In response to Chris Stroffolino, yes, I must admit that Cleopatra does say
that she will commit suicide before she meets Doladella, but I point out
that Dolabella gives her the information that pushes her over the edge; he
tells her that Caesar intends to take her to Rome and that she has a limited
time in which to commit suicide. I'm not saying that Dolabella controls her
actions, but I do believe that he convinces her to act. And, yes, she does
seem to be wavering in her last scene. The Seleucus episode may be seen as a
trial of Caesar's possible infatuation with her (or if you will, a smoke
screen to convince him that she's not going to commit suicide). Would she
have acted so decisively if Dolabella hadn't given her the nudge?
 
In response to Chris Couche, please, let me have a little mystery in all
this! Bevington in this case is wrong. Please, Chris, give my position a
chance, and check the scene as it appears in the Folio. If you check
Bevington's edited scene with the Folio scene, you will see what I mean.
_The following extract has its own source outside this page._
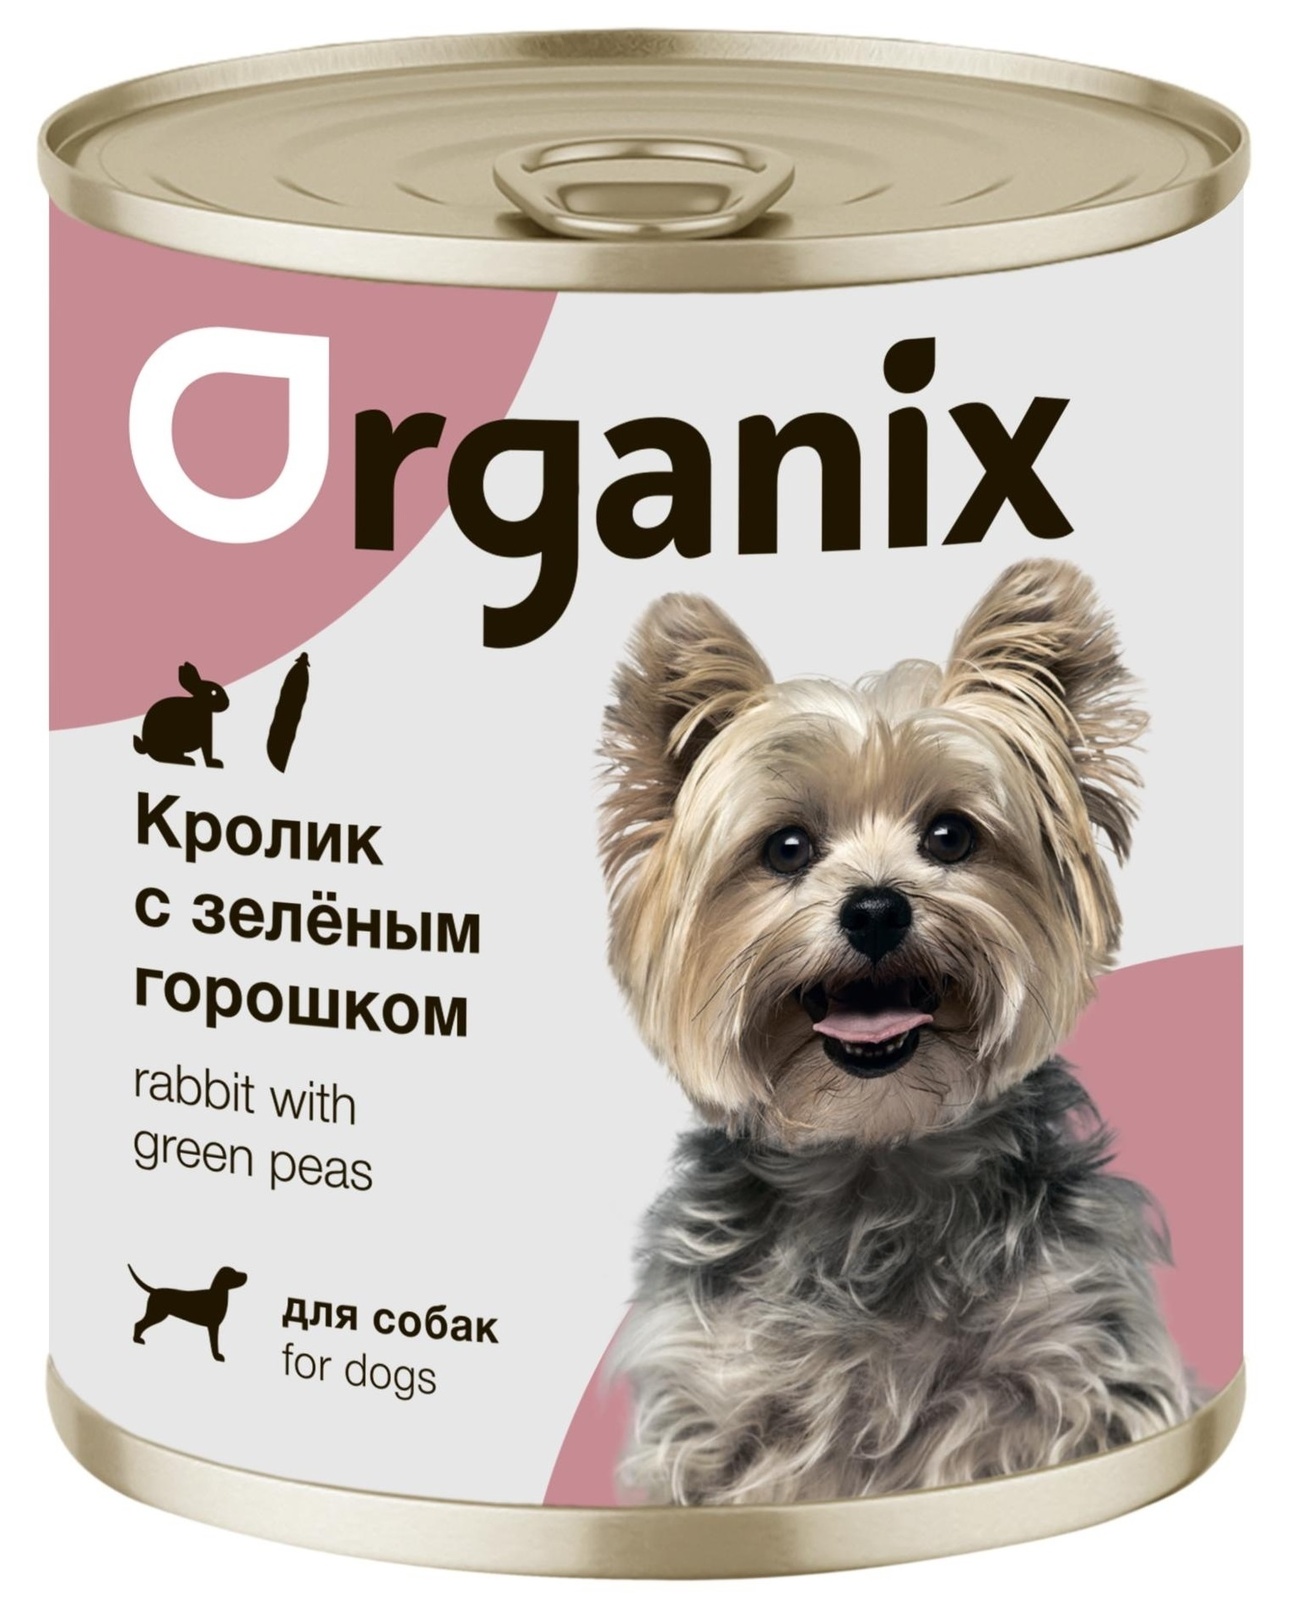 Organix консервы Organix консервы для собак Кролик с зеленым горошком (100 г) organix консервы organix монобелковые премиум консервы для собак с уткой 100 г

Dolabella does NOT leave before news of Antony's death is delivered to
Caesar. Bevington, like other editors, changes Dolabella's role, and then
rationalizes the change.
 
If Dolabella's mission is secret (he's one of Caesar's secret agents in my
production), then his mission is not public. Caesar does not want to appear
in this. Publicly he wants his wealthy supporters to believe that he wishes
to take Cleopatra back to Rome alive. Caesar is a generous conqueror, etc.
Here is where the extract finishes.